Indigenous Hearing Health
Recently I attended a Better Hearing Australia conference in Darwin, Northern Territory. Darwin is the home of the Larrakia people, the original custodians of the area and because of this the conference focussed on the hearing health of indigenous Australians. This is such a problem that the Australian government has set aside $3.6million for research into what is mostly a preventable conductive hearing loss.
The Northern Territory and indeed much of outback Australia is a dry, hot and harsh environment and the indigenous peoples who live in these areas struggle to live. Kelvin Kong, the first aboriginal ENT surgeon, told us the aboriginals’ average life span is 17 years shorter than for the white population. Communities are usually remote and hard to reach while medical facilities are almost non-existent. Malnourishment is common. Life is hard with few modern conveniences. Houses are overcrowded often with 20 to 30 people living in two bedrooms and under these conditions hygiene is extremely difficult.

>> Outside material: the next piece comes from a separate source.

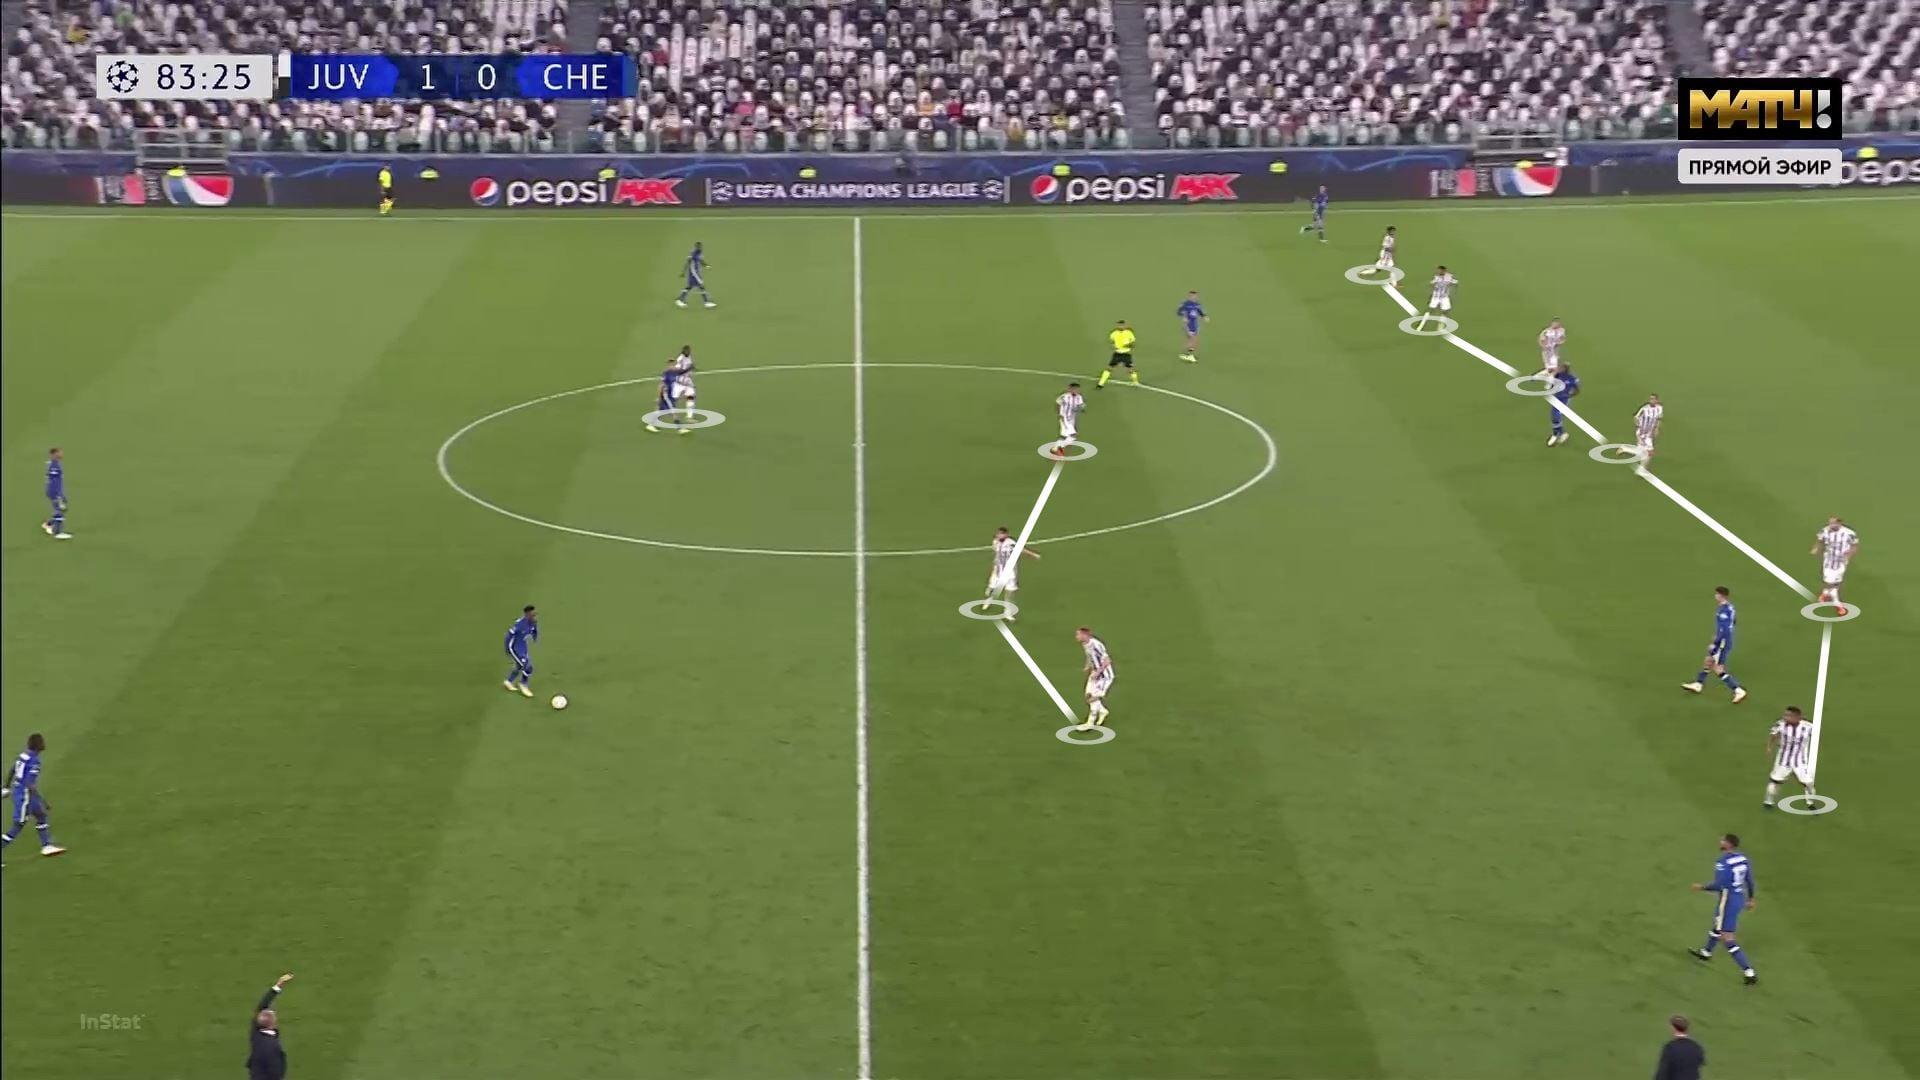 «Юве» против «Челси» – тактический триллер. Аллегри победил, использовав по ходу матча 6 схем

The speakers at the conference all work in the area of indigenous health. Joe Daby, specialises in ENT. He travels to remote areas of the country screening school children for eye and ear problems. He told us that holes in the ear drum are the most common causes of hearing loss in these communities - so common that he rarely sees a healthy eardrum. Peter Morris, Associate Professor of the Menzies School of Health Research (Flinders University & Medical Centre) told us most of the hearing loss is preventable but because it is left untreated it becomes a lifelong problem resulting in poor education, poor linguistic skills and lack of employment opportunities.
These are the things these professionals regularly see. Babies as young as 6 weeks are found to have bacteria at the back of their noses. This bacteria travels down the tubes to the ears where it forms what is more commonly known as ‘glue ears’. Many children, in fact one in 3, in all societies get this condition but with treatment it clears up with no loss of hearing. However, in the indigenous communities it is usually undiagnosed and therefore untreated. By the time the child is six months old they will have bulging ear drums. By 12 months they’ll have a continual runny nose and pus coming out their ears because their ear drum has burst. By three years of age the child will have skin sores and an examination of his ears will show dull and lifeless eardrums. Sadly, the mother often doesn’t recognise any hearing loss and thinks the child has normal hearing. Treatment is difficult to administer. The mother needs to be educated about the importance of regular treatment and hygiene. Even blowing the child’s nose can help because it removes some of the bacteria.
These professionals struggle constantly to educate the parents to give the children their medication. But in the overcrowded conditions when a mother has two children with ear disease and maybe another baby, a niece or nephew and her little sister to look after she cannot remember to give the medication. So she often gives it only once every two days or even once a week. Sometimes she will share the medication between sick children so none get the right amount.
If the condition can be caught early and if the correct medication is administered, children usually recover with little or no hearing loss. However, left untreated the reality is that these people will suffer for their whole lives. Ear disease results in a hearing loss, which in turn causes speech deterioration. If the child can’t hear well they won’t do well in school. But not only that because they can’t hear instructions their behaviour can be inappropriate and then they are labelled as naughty. Sandra Nelson from the Menzies School of Research told us that one of the hardest things to get across to parents is that their child’s hearing loss is causing their behavioural problems. School truancy is high and this results in illiteracy. Without an education life continues in poverty because they can’t get jobs and so the same issues occur in the next generation.
Conditions for these peoples are deplorable. In Indigenous communities, often hearing loss is disguised by cultural differences and these people are seen as stupid. The answer lies in better housing, hygiene and education, something which is difficult and slow to implement due to the condition and remoteness of these communities.